KeyError: 'size' and more

Open subfish-zhou opened this issue 3 years ago • 1 comments

Hello! I found this model on HuggingFace, it looks well but I can't run it. When I ran the pytorch example you gave in your doc it raise an error as below: (TF version is fine, but it needs pt weights)

Some weights of the model checkpoint at tbs17/MathBERT were not used when initializing BertModel: ['cls.predictions.bias', 'cls.predictions.decoder.bias', 'cls.seq_relationship.bias', 'cls.predictions.transform.LayerNorm.bias', 'cls.predictions.transform.LayerNorm.weight', 'cls.seq_relationship.weight', 'cls.predictions.transform.dense.weight', 'cls.predictions.transform.dense.bias', 'cls.predictions.decoder.weight']
- This IS expected if you are initializing BertModel from the checkpoint of a model trained on another task or with another architecture (e.g. initializing a BertForSequenceClassification model from a BertForPreTraining model).
- This IS NOT expected if you are initializing BertModel from the checkpoint of a model that you expect to be exactly identical (initializing a BertForSequenceClassification model from a BertForSequenceClassification model).
Traceback (most recent call last):
  File "D:\...\lib\site-packages\transformers\tokenization_utils_base.py", line 250, in __getattr__
    return self.data[item]
KeyError: 'size'
During handling of the above exception, another exception occurred:

Traceback (most recent call last):
  File "...\test.py", line 33, in <module>
    output = model(encoded_input)
  File "...\test.py", line 1102, in _call_impl
    return forward_call(*input, **kwargs)
  File "...\test.py", line 944, in forward
    input_shape = input_ids.size()
  File "...\test.py", line 252, in __getattr__
    raise AttributeError
AttributeError

Apr 16 '22 11:04 subfish-zhou

I have the same problem too and the same situation for TF version.

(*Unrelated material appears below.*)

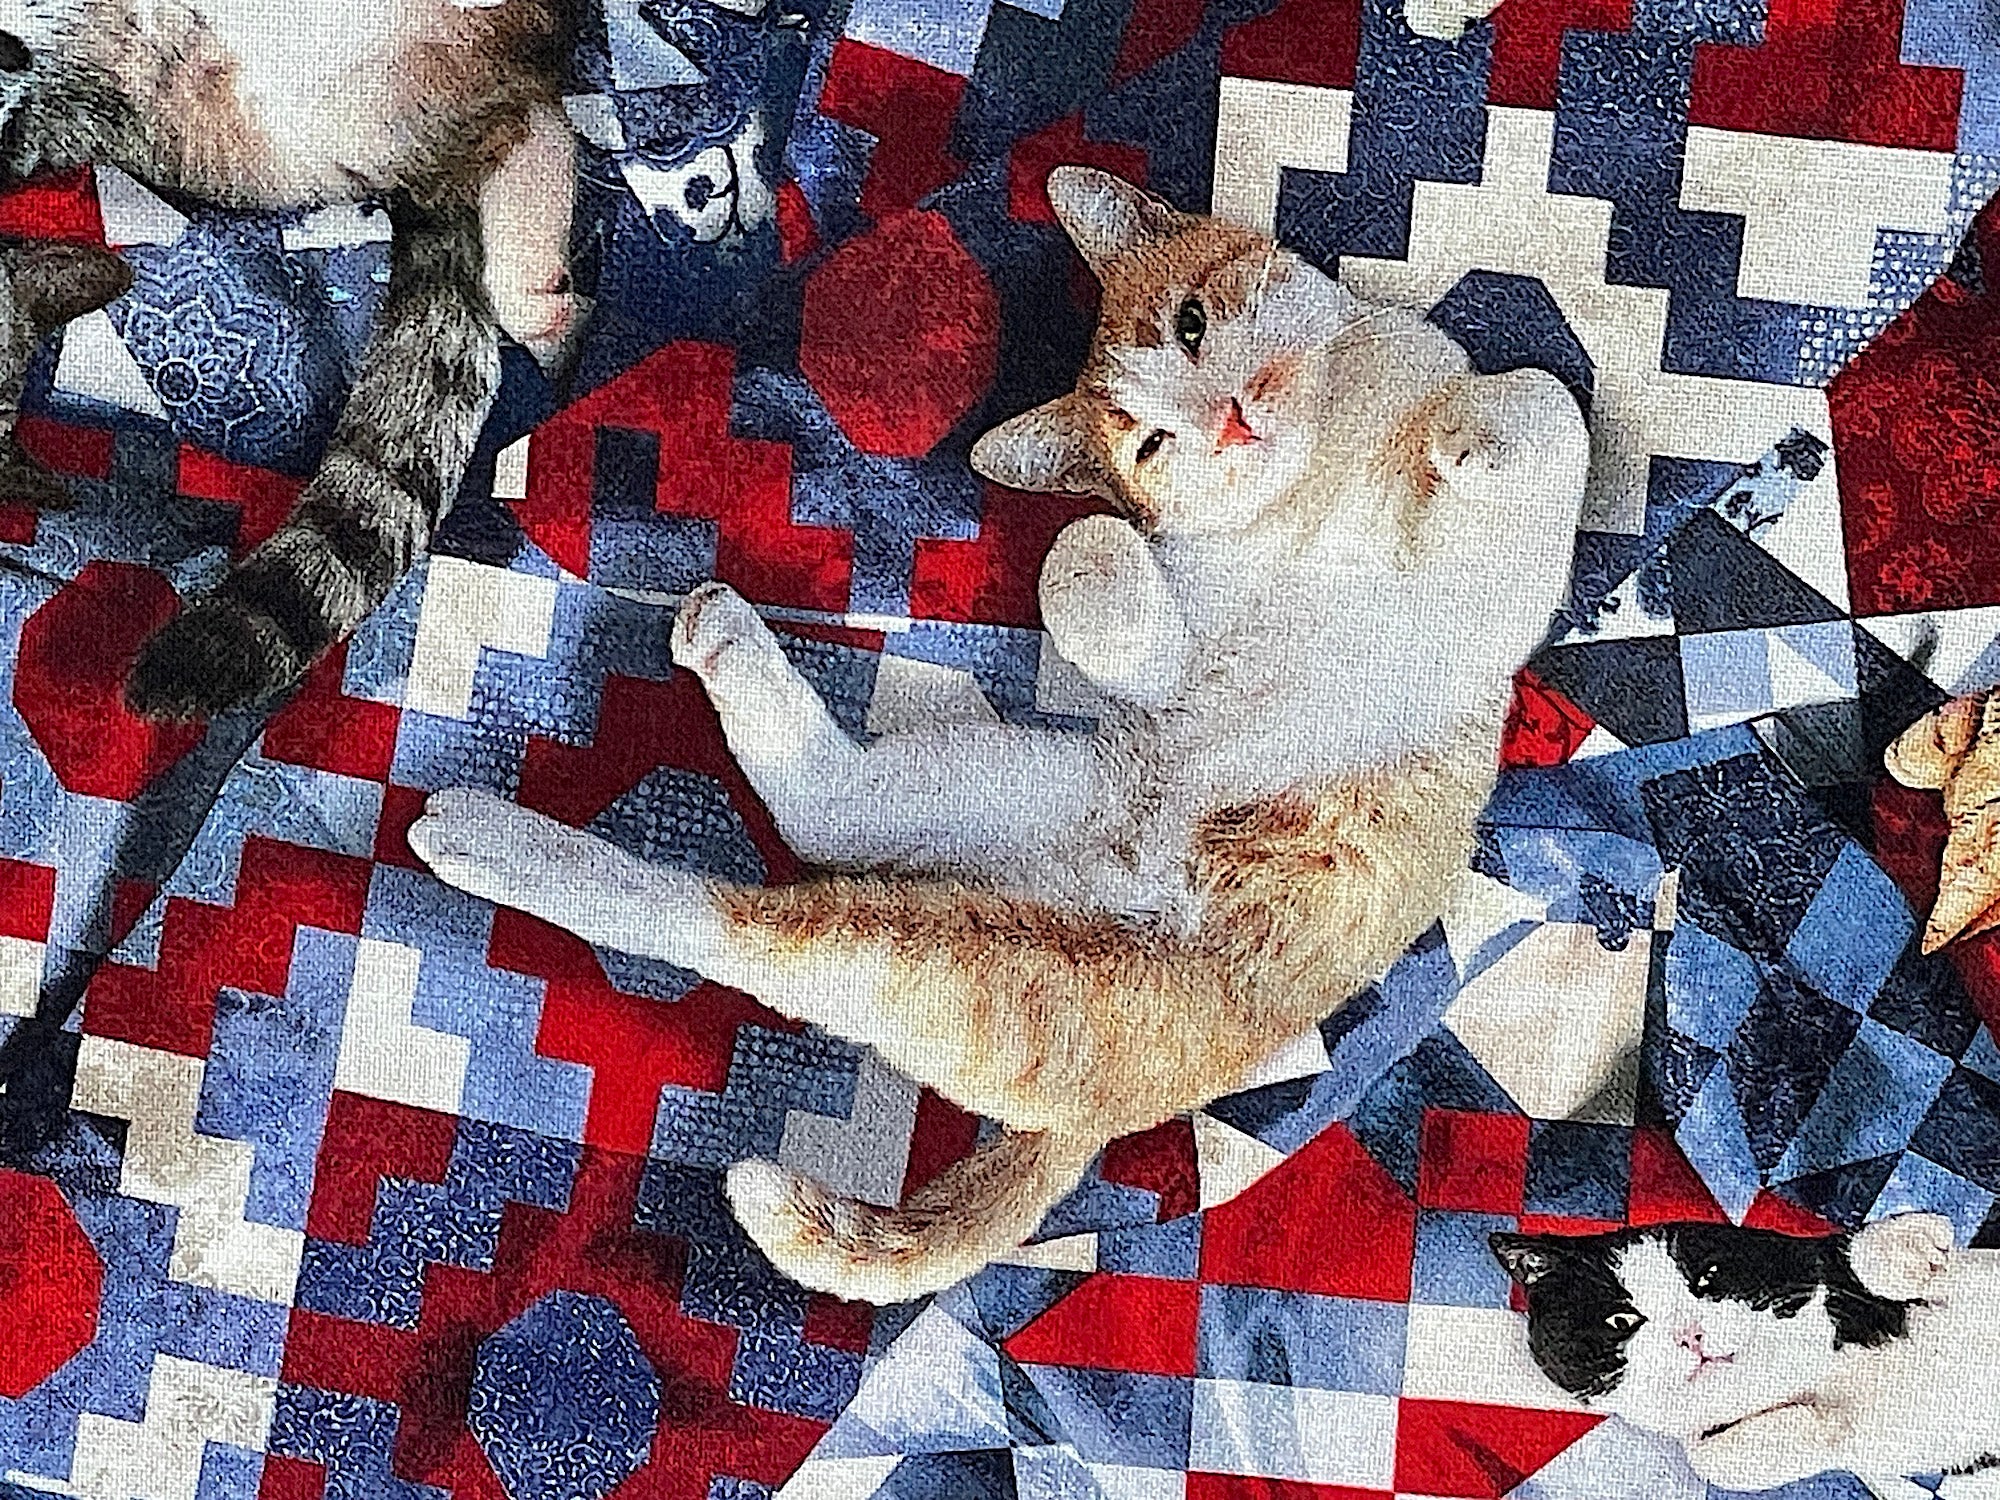 Close up of a cat sprawled out on a quilt.
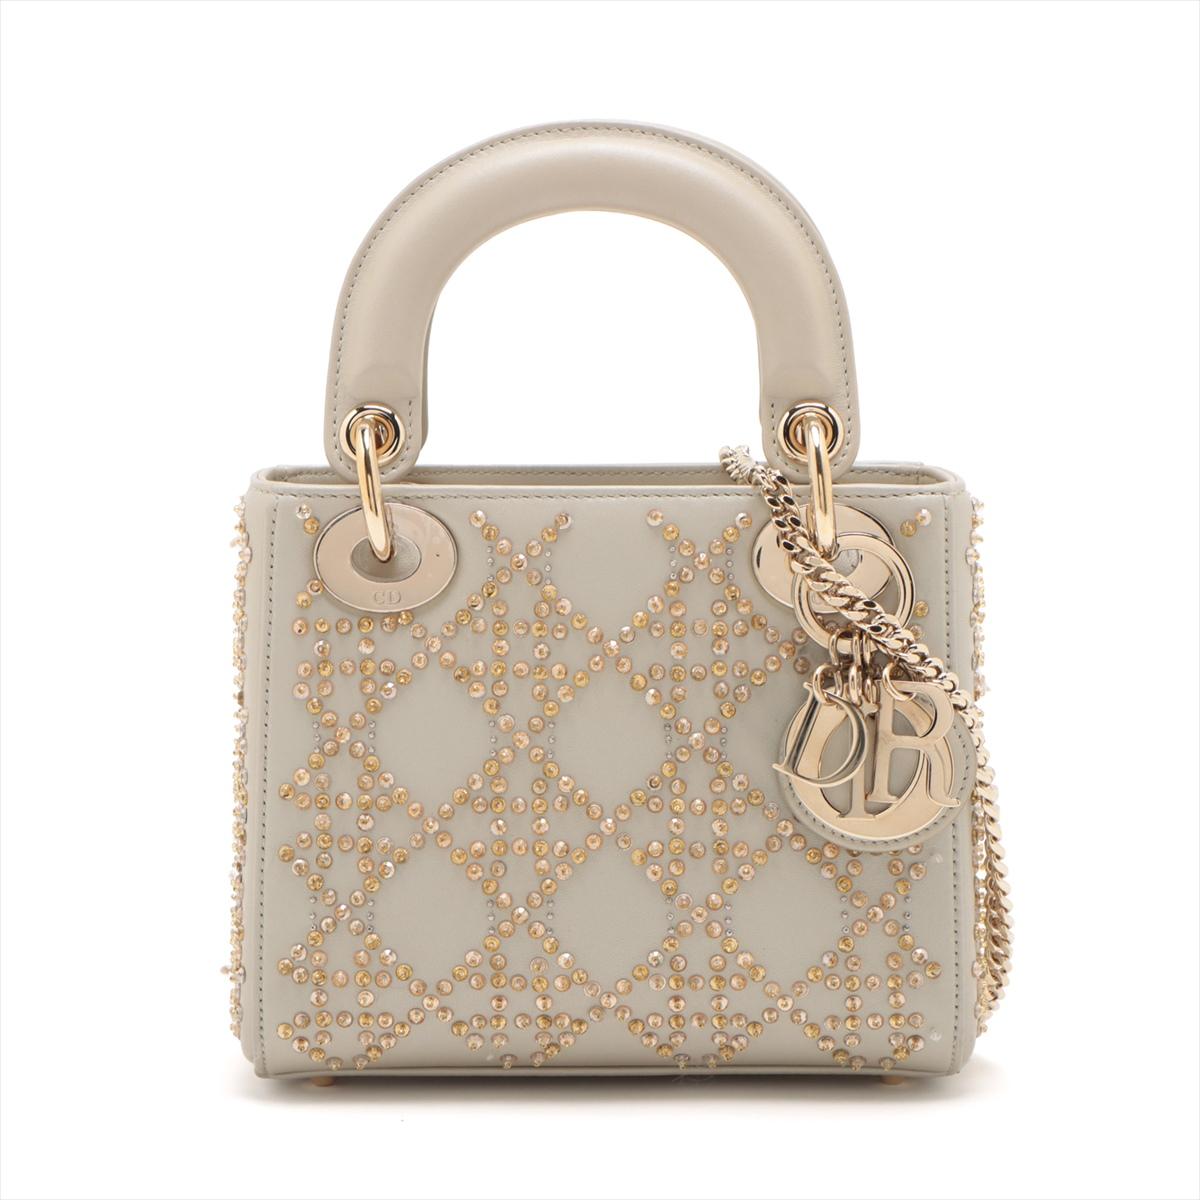 Mini Lady Dior Bag Platinum Metallic Cannage Lambskin with Beaded Embroidery In Good Condition For Sale In Indianapolis, IN

PyTorch example from HugginFace can be fixed with the following changes:

from transformers import AutoTokenizer, AutoModel

tokenizer = AutoTokenizer.from_pretrained('tbs17/MathBERT')
model = AutoModel.from_pretrained('tbs17/MathBERT')
text = "Replace me by any text you'd like."
encoded_input = tokenizer(text, return_tensors='pt')["input_ids"]
output = model(encoded_input)
output

You just need to add ["input_ids"] argument to your encoded_input.

May 28 '22 10:05 DmitriiOGU